Southwest coast of Sugashima Island, Mie. Known only from the type locality.

Etymology.

The species name was named after Yuji Ise, the collector of both holotype and paratype specimens. Origin of Japanese name: New Japanese name: sugashima-gareba-ashinashi-mushimodoki; “gareba” means rocky seashore, the habitat where this species inhabits.

Remarks.

In terms of having 20 tentacles, Scolanthus isei  sp. n. resembles S. ignotus  and S. ena  sp. n., while all other edwardsiid species have 16 tentacles ( England 1987, Daly and Ljubenkov 2008, and this study). This species is different from S. ignotus  in having two types of basitrichs of different sizes in nemathybomes ( Carlgren 1920), and the larger type is far bigger than the basitrichs of S. ignotus  . The differences between S. isei  sp. n. and S. ena  sp. n. are principally regarding the tentacular arrangement and body size (see Remarks of S. ena  sp. n.).

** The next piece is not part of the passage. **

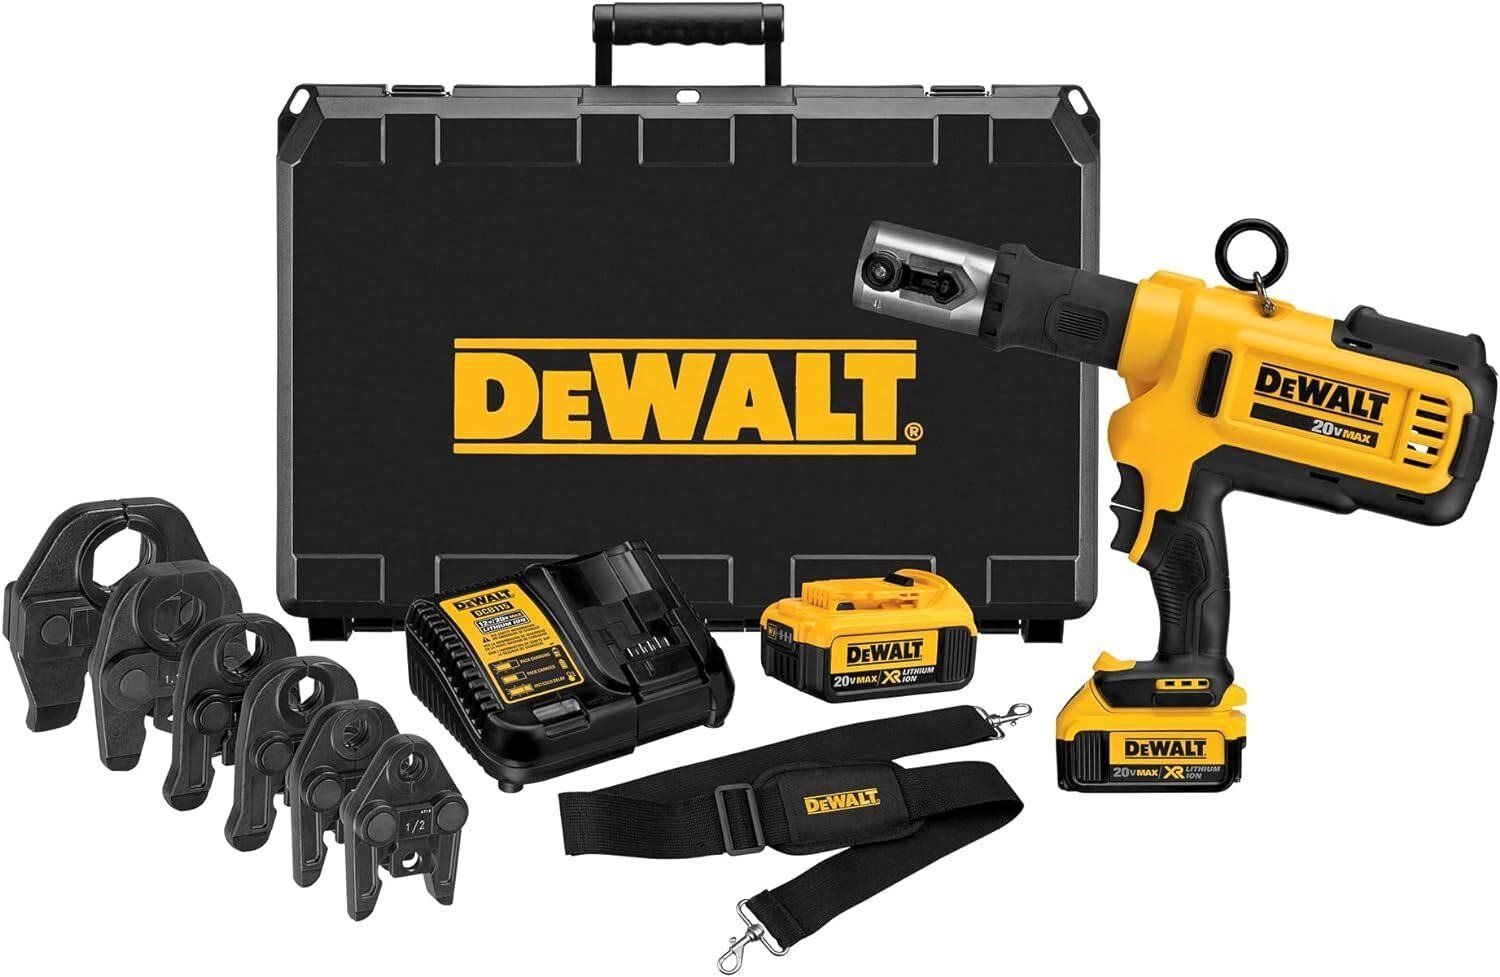 DEWALT 20V MAX Pipe Pressing Tool Kit (DCE200M2K)

Exceptionally for edwardsiids, this species inhabits in the cavities of the underside of boulders, adhering by their aboral end, on rocky seashores. Edwardsiids usually inhabit in sand or mud, and only two species had been reported from other different environments: Edwardsiella andrillae  Daly, 2013 living on ice ( Daly et al. 2013), and Tempuractis rinkai  Izumi, Ise & Yanagi, 2018 living in sponges ( Izumi et al. 2018).